A Cautionary Tale about Surveys

Posted on by Larry

I had an interesting “learning” experience this week that I wanted to share with you.

At the end of each of my seminars, and most of my classes for that matter, I hand out a survey to everyone attending. This gives me immediate feedback on what they liked, or what they want improved; with lots and lots of suggestions on what I should cover next.

Since everyone is still in the room, I get these two-page paper forms back from just about everyone. It takes a few minutes at the end, but basically is not a problem.

On my recent trip to the UK, knowing that our seminar attendance was going to set records, we decided that we wouldn’t bother toting a lot of paper forms with us, instead, once I got back in the office, we would email the survey to everyone that attended.

While this seemed like a good idea at the time, we had some problems, which is why I’m sharing this with you now.

We modified our standard two-page survey for the UK seminars and created a PDF with it. Over the last few weeks I’ve been playing with Acrobat PDF forms and discovered that Acrobat has some very nice tracking and tabulation software built into it, which makes sending and gathering PDF-based data very easy.

Our UK seminars struck me as a great time to test the technology. We told folks attending our seminars that we would be emailing them a survey, and some other goodies, so they would not be surprised when it arrived.

I did a test run with the people in my office and everything worked great – the PDFs emailed perfectly, the forms were filled out, sent back and tabulated automatically. Very cool.

Then, I sent them to all our UK attendees. At this point, things broke down.

What I did not realize, until I got dozens and dozens of emails were three key facts:
1. Email addresses change constantly.
1. Forms don’t work if you open them on a Mac using Preview. Forms require Acrobat.
2. Forms require recent versions of Acrobat, which many people don’t have.

We held our UK seminars less than three weeks ago, but in that time easily 15-20% of our audience (in this case mostly college kids) had changed email addresses.

Then, more than half opened the forms in Preview, which doesn’t support form data well and lacks the crucial “Submit” button, which emails the completed form back to me. This meant that I was flooded with emails about how to send back a form with no submit button. Or how to save a form. Or how to complete the form.

In short, instead of getting a nearly 100% response, I’ll feel lucky if we can get 10%. Far, far less than I was expecting.
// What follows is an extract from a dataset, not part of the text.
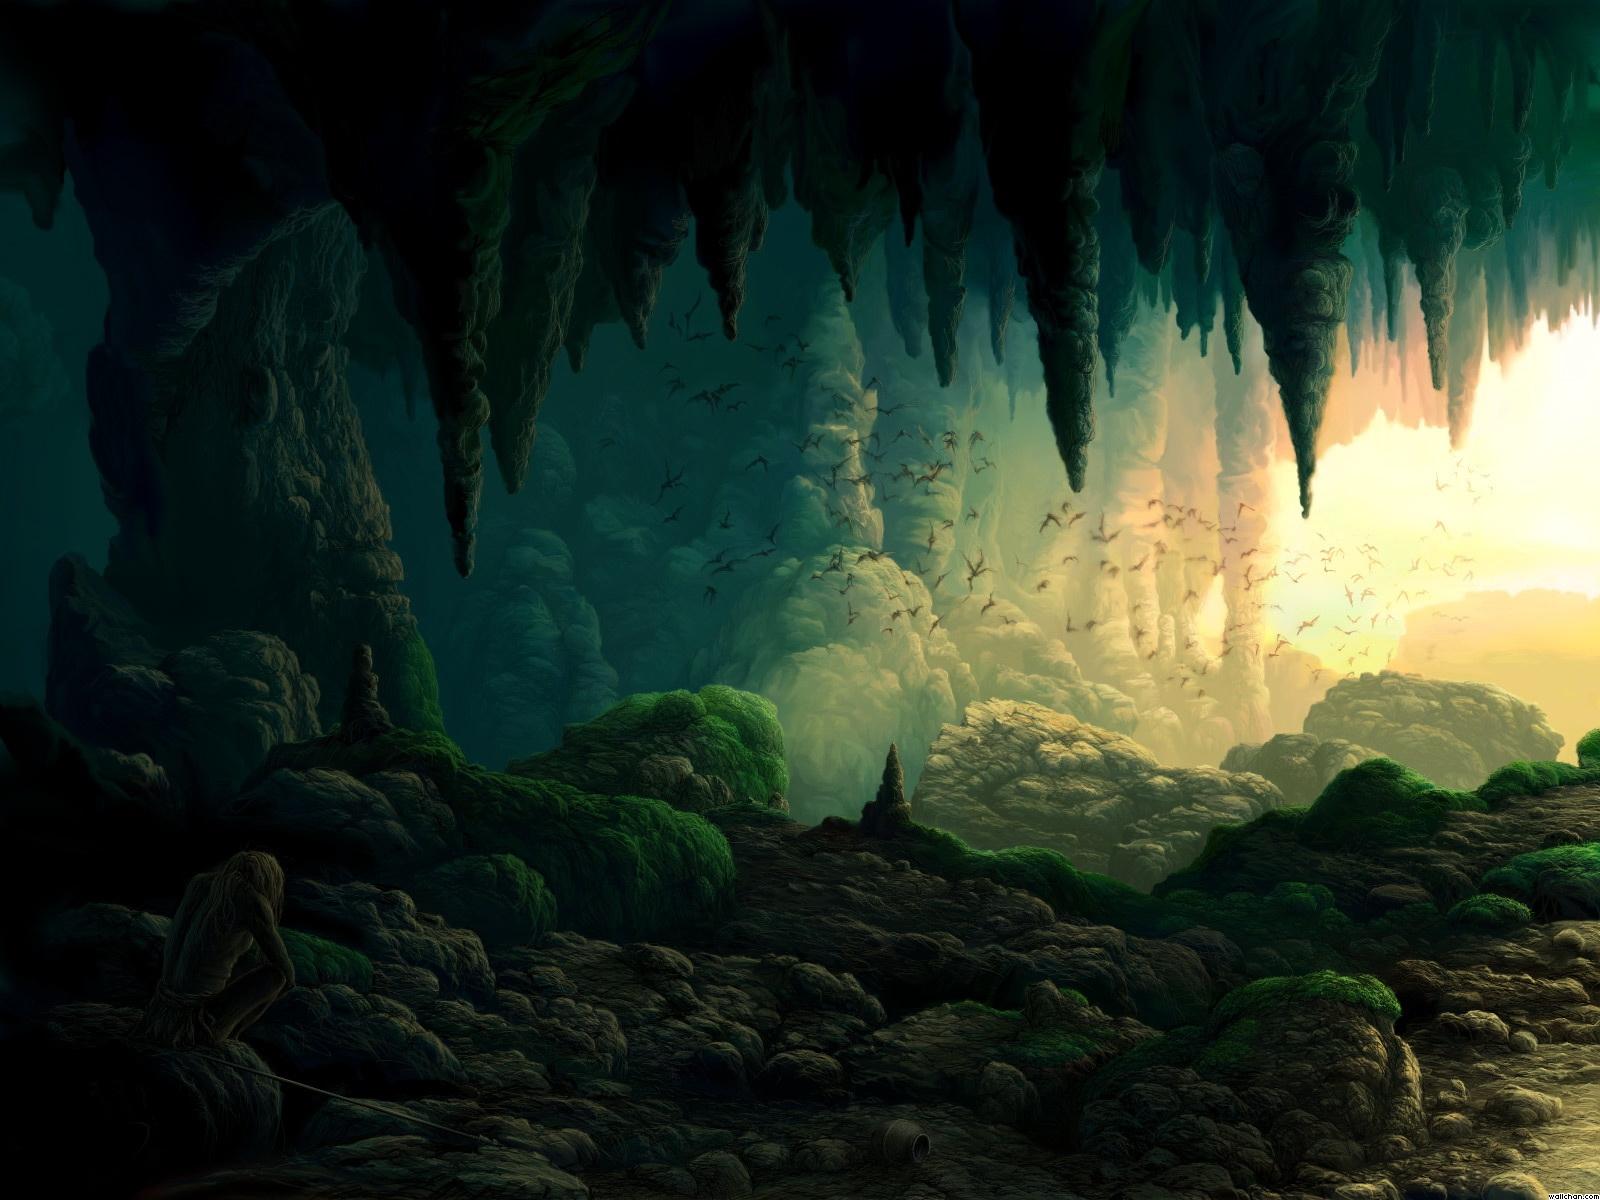 dnd_cavern.jpg

Acrobat is hugely useful in a wide variety of ways within our company — I can’t imagine living without it. However, because virtually everyone attending one of my seminars uses a Mac, and because the Mac defaults to opening Acrobat documents in Preview, this means that most people trying to complete the survey are not going to be successful. And I don’t have the time to answer hundreds of emailed tech support questions about my survey.